Qui sont les salariés les plus inquiets face à l’IA ?
En France, 10 % des salariés craignent d’être remplacés par l’IA. L’étude People at Work 2026 d’ADP Research dessine les profils à accompagner en priorité.
On imagine volontiers que les salariés les plus inquiets face à l’IA sont les plus âgés. Pourtant, l’étude People at Work 2026 d’ADP Research*, conduite dans 36 pays auprès de 39 000 actifs, dont plus de 1 000 en France, invite à regarder ailleurs.
Les salariés français moins inquiets que la moyenne mondiale
En France, l’inquiétude reste contenue, malgré une légère hausse. Au global, 10 % des salariés français redoutent fortement d’être remplacés par l’IA, soit deux points de plus qu’en 2025. À l’échelle mondiale, cette situation est plus marquée, avec 28 % des actifs qui partagent cette crainte.
En termes de générations, les plus de 55 ans se montrent peu inquiets de l’impact de l’IA sur leur fin de carrière. Seuls 3 % craignent d’être remplacés. La crainte se concentre chez les moins de 40 ans. Elle touche 12 % des 18-26 ans et 18 % des 27-39 ans (en hausse de 7 points en un an).
Chez les jeunes actifs, l’IA suscite d’ailleurs un sentiment ambivalent. La peur du déclassement y côtoie l’opportunité perçue. 16 % des 18-26 ans anticipent un effet positif sur leur emploi, en hausse de 4 points. Les 27-39 ans suivent de près, à 14 %.
L’ambivalence des professions intellectuelles
Les craintes fluctuent aussi selon la nature du travail. Les professions intellectuelles (ingénieurs, chercheurs, développeurs…) forment le profil le plus ambivalent. En France, 10 % d’entre eux redoutent d’être remplacés.

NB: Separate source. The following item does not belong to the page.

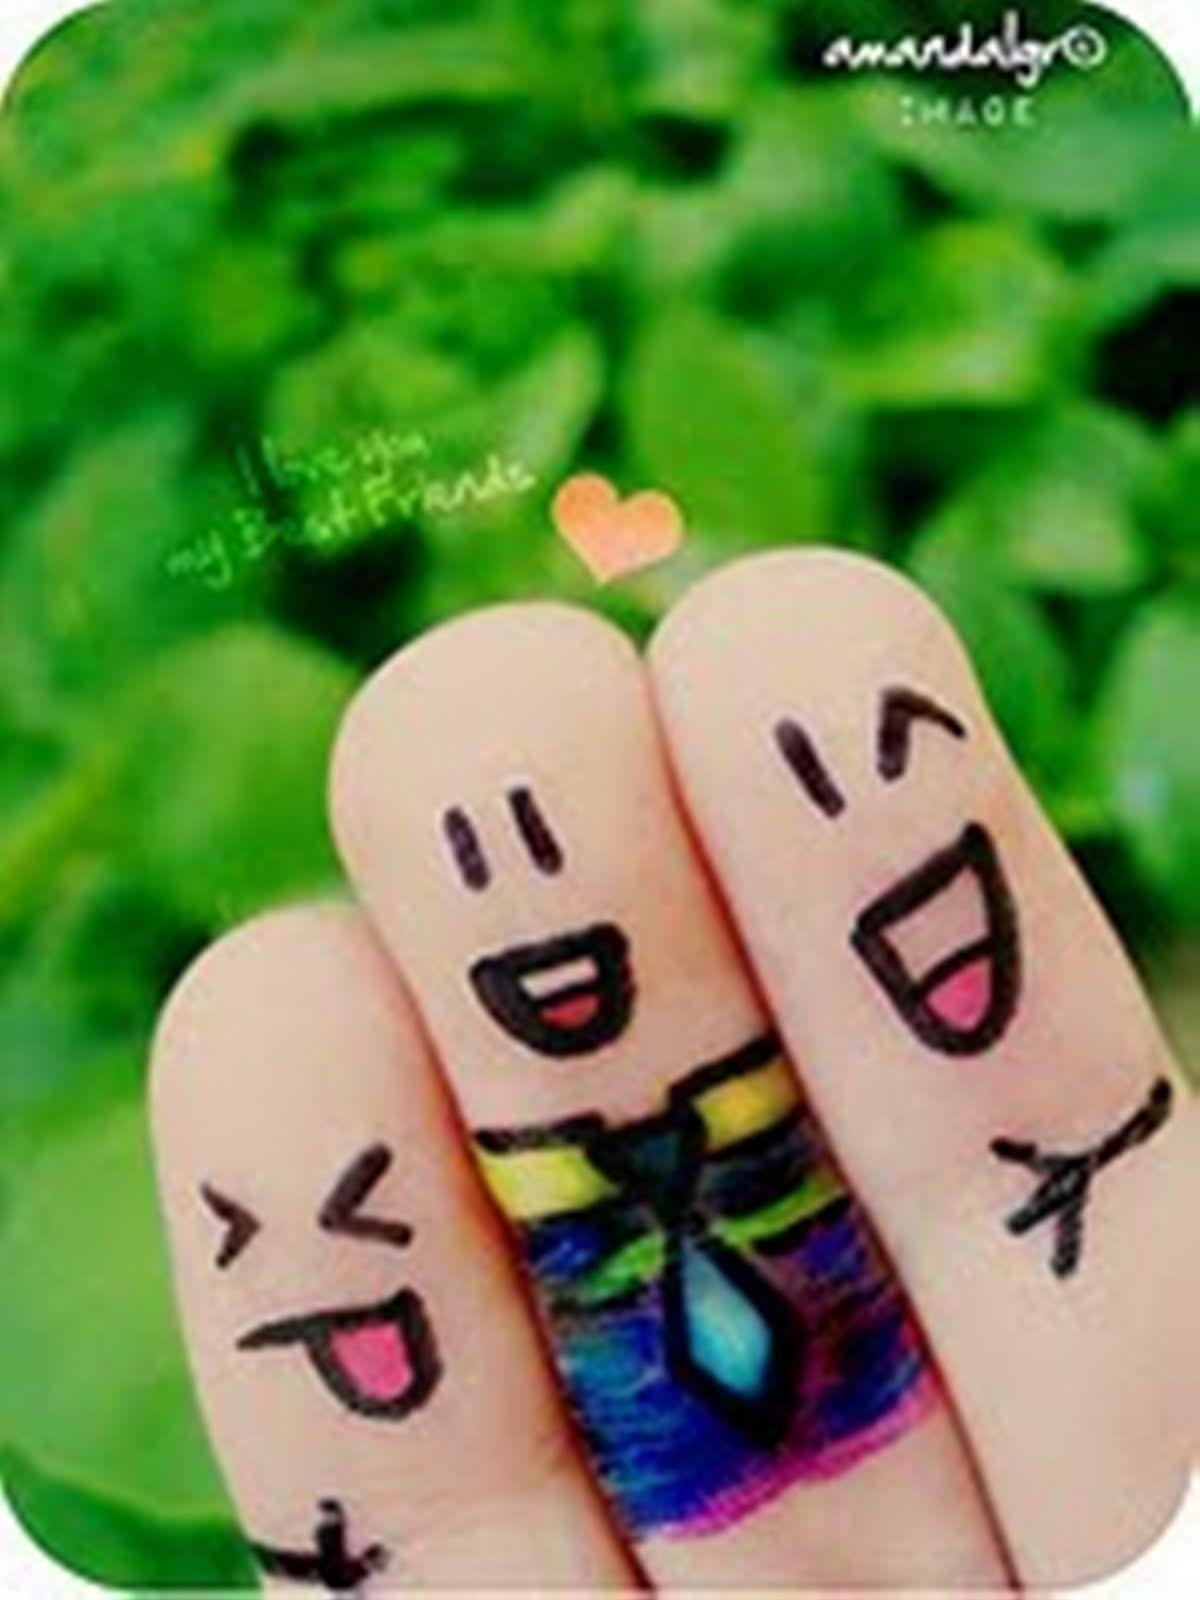 Best Wallpaper Friendship Finger - a589a18c2c75e0065be39a59996b0c42  You Should Have_25917 .jpg
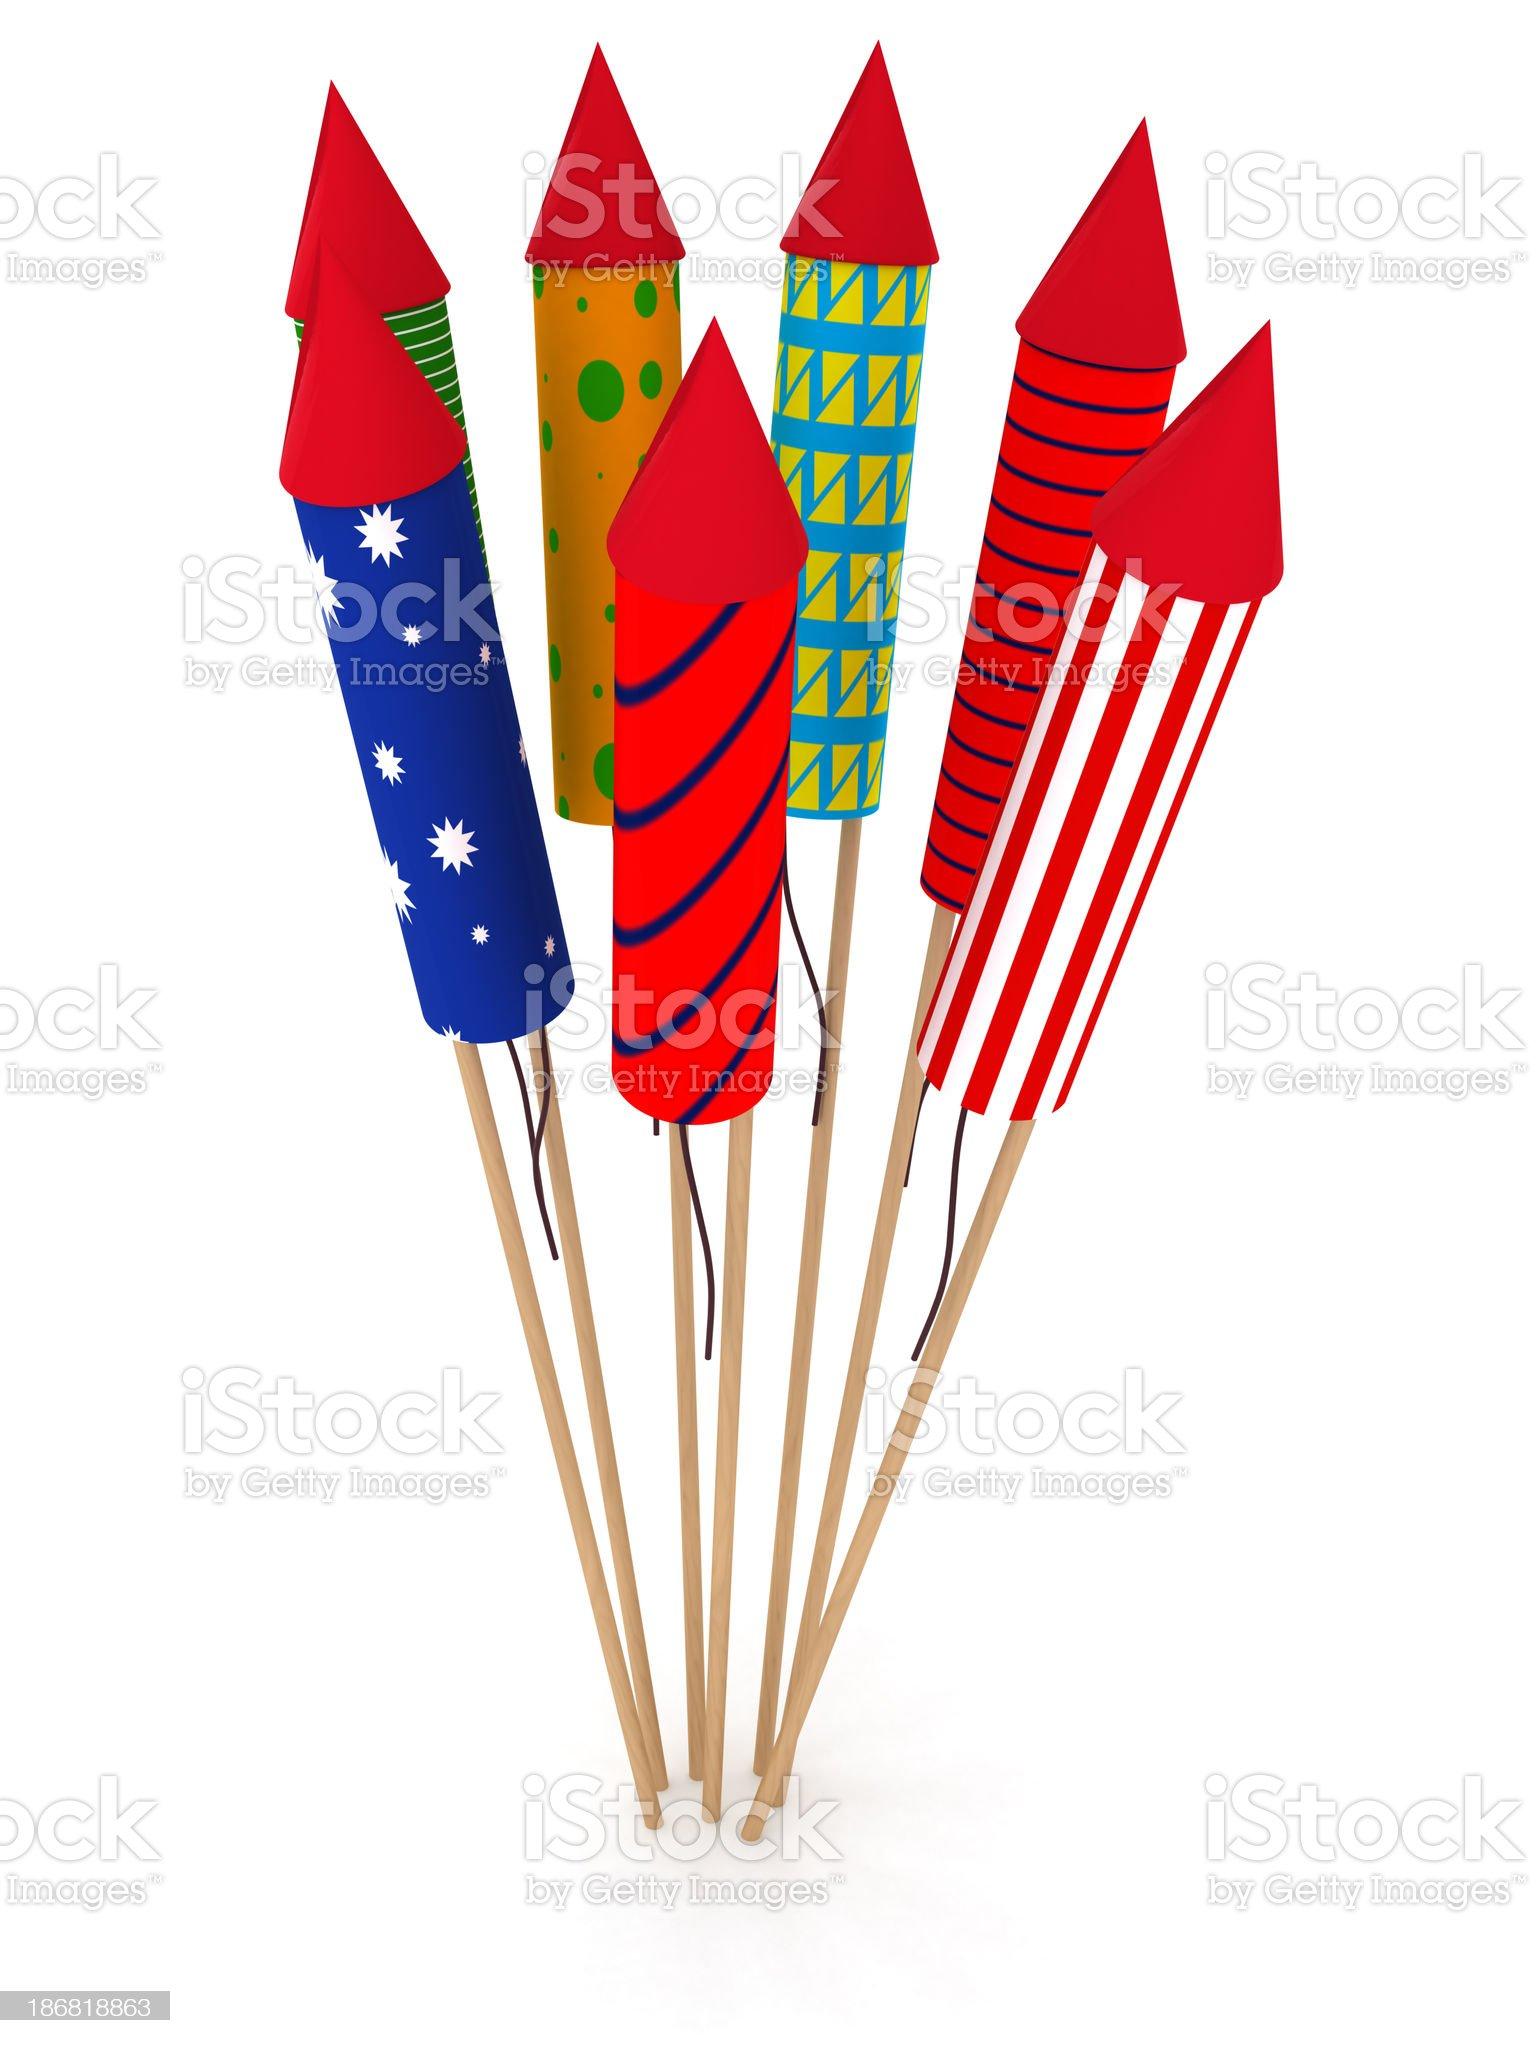 Fireworks rockets royalty-free stock photo

Cette inquiétude se double toutefois d’un certain optimisme. Ils sont 13 % à juger l’impact de l’IA positif. Si ce chiffre reste modeste, il représente plus du double de celui enregistré chez les salariés affectés à des tâches répétitives (6 %). Aussi, les profils qualifiés français se montrent plus réservés que leurs homologues étrangers, dont 25 % anticipent un effet positif.
L’éloignement de l’outil constitue une autre vulnérabilité
En France, 29 % des salariés n’utilisent jamais l’IA. C’est le deuxième taux le plus élevé des 36 pays de l’étude, derrière le Japon (43 %). Le clivage est particulièrement marqué selon le genre : 35 % des femmes n’y recourent jamais (contre 17 % au niveau mondial), pour 22 % des hommes (13 % dans le monde).
Cette mise à distance frappe plus encore les femmes de plus de 40 ans, dont 45 % n’ont jamais utilisé l’outil. Les hommes de moins de 40 ans en sont, à l’inverse, les plus familiers. En effet, 13 % seulement ne l’ont jamais essayé.
L’enjeu ici n’est pas tant la peur que le danger de l’exclusion. Faute d’avoir l’occasion de se familiariser avec la technologie, ces salariés risquent d’accumuler un retard et de décrocher. Pour les ressources humaines, le sujet devient celui du maintien de l’employabilité.
La formation, entre réassurance et employabilité
Peur du remplacement et risque de décrochage sont liées. Selon les données d’ADP Research, les salariés qui sont convaincus que leur employeur investit dans leurs compétences se jugent 5,3 fois plus souvent à l’abri d’une suppression de poste.
La formation agit ainsi sur les deux fronts. Elle qualifie ceux qui doutent de leur place et engage ceux qui restent à distance. Autrement dit, la confiance des équipes ne se jouera pas dans l’IA, mais dans l’art de l’introduire.
* enquête Global Workforce Survey 2025 d’ADP Research. Les chiffres mondiaux et les taux d’adoption de l’IA proviennent du rapport People at Work 2026 ; les données détaillées sur le marché français (perception de l’IA par âge, métier et genre) sont issues du communiqué d’ADP France, juin 2026.